Berdasarkan dua pengertian itu, diagnosis berarti suatu tindakan menganalisis suatu permasalahan, mengidentifikasi penyebabnya secara tepat untuk tujuan pengambilan keputusan, dan hasil keputusan tersebut dilaporkan dalam bentuk deskriptif.
Diagnosis juga
dipengaruhi oleh pemikiran seorang evaluator sekaligus filosof bernama Schriven
(Gierl et al., 2007). Ada tiga aspek
yang dapat dicatat dari pendapat Scriven. Pertama,
diagnosis mencakup proses menentukan sifat kemampuan (performance) seorang anak dan melaporkan dari proses itu. Tes
diagnostik digambarkan sebagai suatu proses di mana hasil tes memberikan
informasi tentang kemampuan kognitif peserta tes dan hasil evaluasi tersebut
dilaporkan. Pendekatan ini dalam konteks pengujian menekankan interaksi antara
proses mental dan strategi yang digunakan peserta tes dalam menjawab item.
Kesimpulan skor tes dalam tes diagnostik harus mudah dipahami dan bermanfaat
dalam mengevaluasi kemampuan peserta tes, karena item dirancang untuk mengukur
kemampuan, proses dan strategi yang digunakan peserta tes.
Kedua,
proses
diagnosis harus memungkinkan untuk mengklasifikasikan kemampuan kognitif
peserta tes dengan menggunakan sistem pelaporan yang mudah diterima. Untuk itu,
hasil tes diagnostik harus mampu mendeskripsikan pola pikir peserta tes dengan
menggunakan bahasa yang mudah dipahami. Selain itu, hasil tes diagnostik juga
harus memberikan informasi tentang kendala-kendala yang dialami peserta tes
dalam menyelesaikan item yang dapat dilaporkan kepada siswa, guru, orang tua,
dan seluruh komponen stakeholder.
Ketiga,
diagnosis
merupakan bagian dari suatu proses pembelajaran yang lebih besar, dengan tujuan
utama mengidentifikasi permasalahan pembelajaran dan membantu mengatasi
permasalahan pembelajaran.

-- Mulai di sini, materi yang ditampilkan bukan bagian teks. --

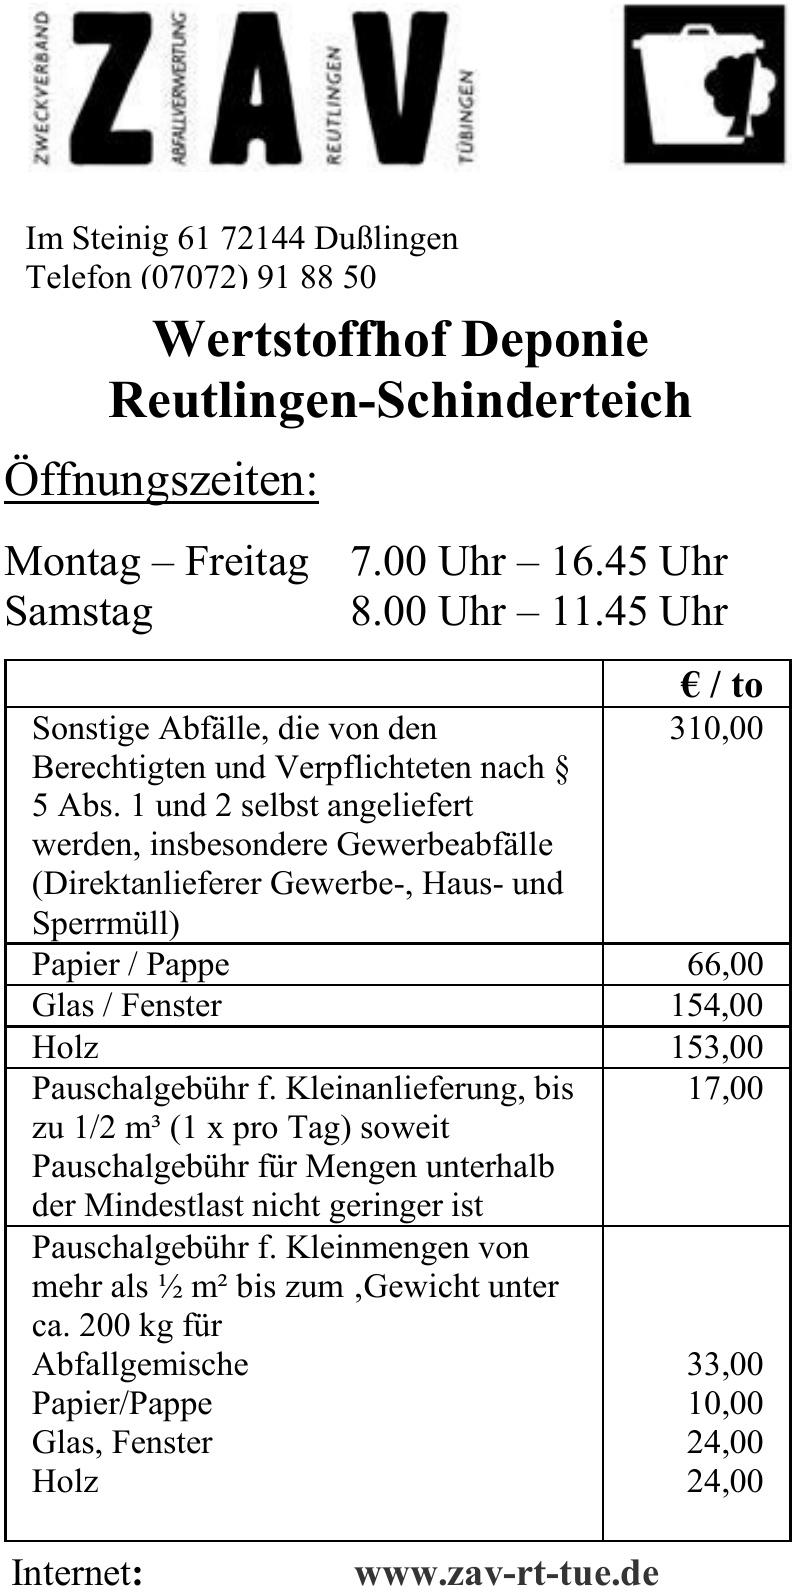 ZAV Zweckverband Abfallverwertung Reutlingen Tübingen
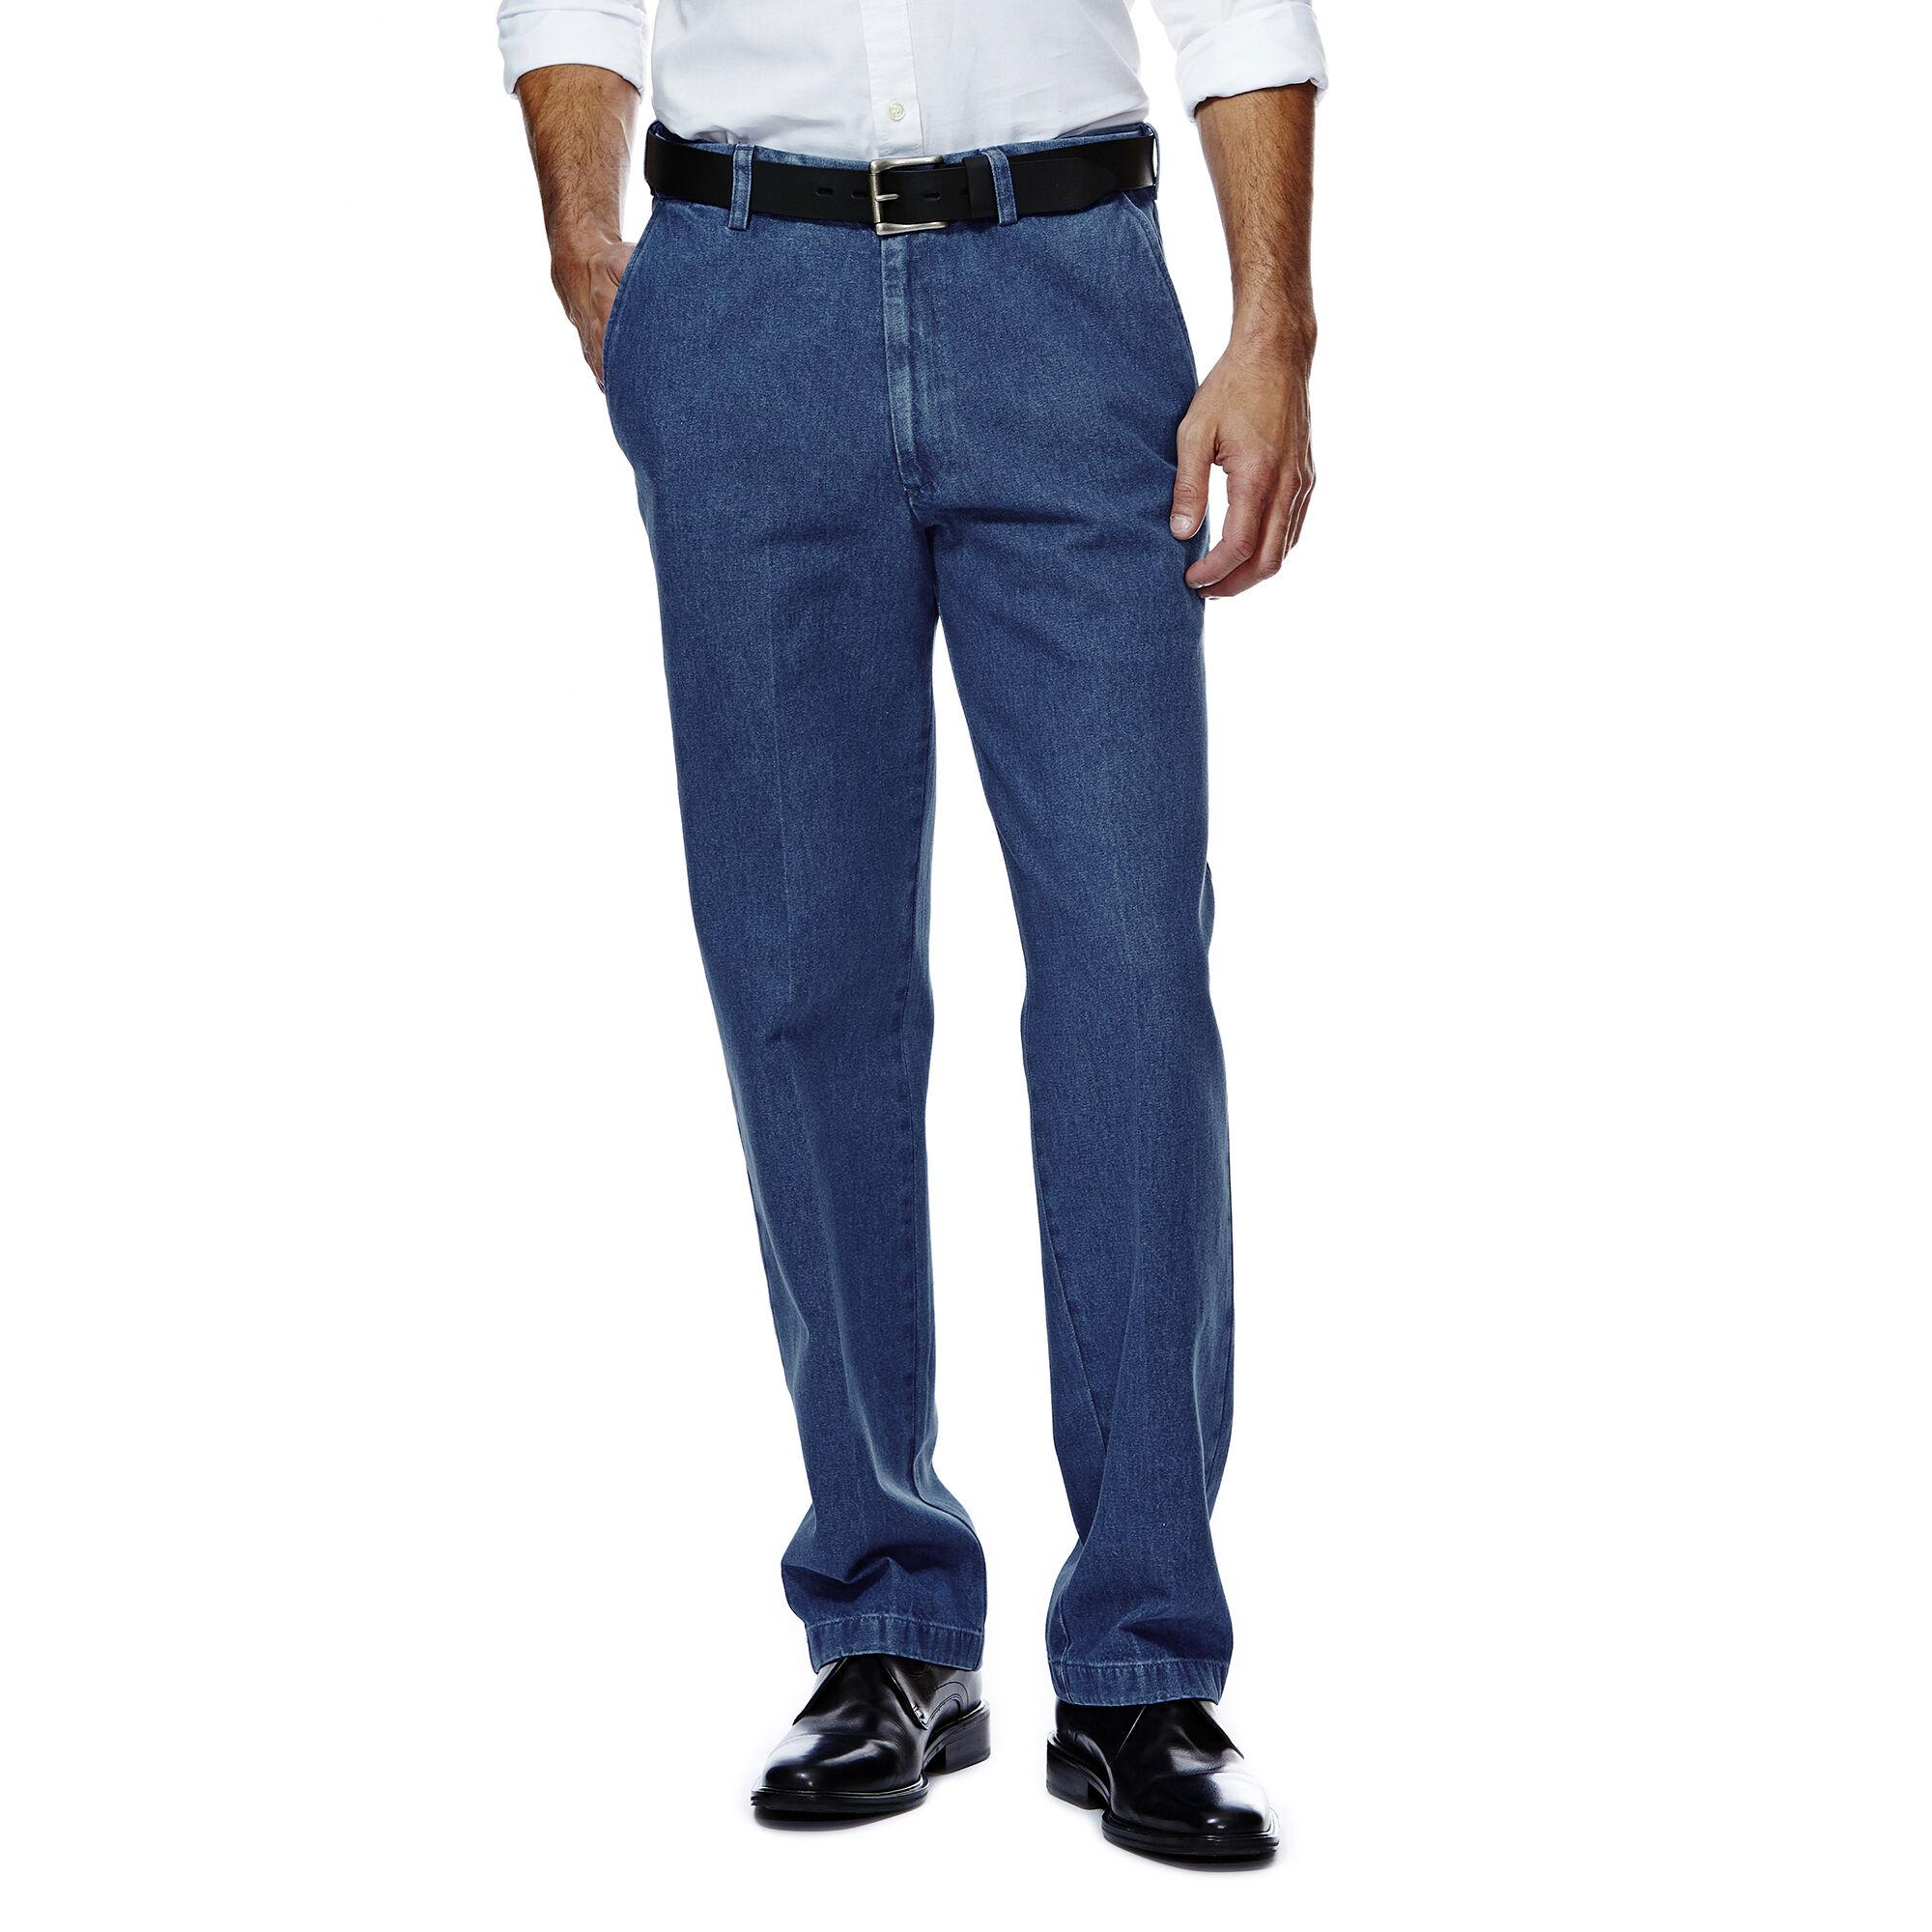 Haggar Men/'s Stretch Denim Expandable Waist Classic Fit Flat Front Pant

Tes diagnostik yang efektif harus terintegrasi
dengan baik dalam lingkungan pembelajaran, dan dikembangkan untuk membantu guru
memahami bagaimana siswa berpikir dan menyelesaikan masalah. Dengan demikian,
skor yang didapatkan dari tes diagnostik harus dipandang sebagai sumber
informasi yang dapat dipadu dengan sumber informasi lain tentang peserta tes
(seperti tugas-tugas rumah, tes sehari-hari atau yang lainnya) untuk membuat
keputusan pembelajaran.
Depdiknas (2007)
memaknai tes diagnostik sebagai tes yang dapat digunakan untuk mengetahui
kelemahan dan kekuatan siswa. Dengan demikian, hasil tes dapat digunakan
sebagai dasar memberikan tindak lanjut berupa perlakuan yang tepat dan sesuai
dengan kelemahan yang dimiliki siswa. Mengacu dua pengertian terakhir, maka tes diagnostik memiliki dua fungsi utama, yaitu: mengidentifikasi masalah atau kesalahan yang dialami
siswa dan merencanakan tindak lanjut berupa
upaya-upaya pemecahan sesuai masalah atau kesalahan yang telah teridentifikasi.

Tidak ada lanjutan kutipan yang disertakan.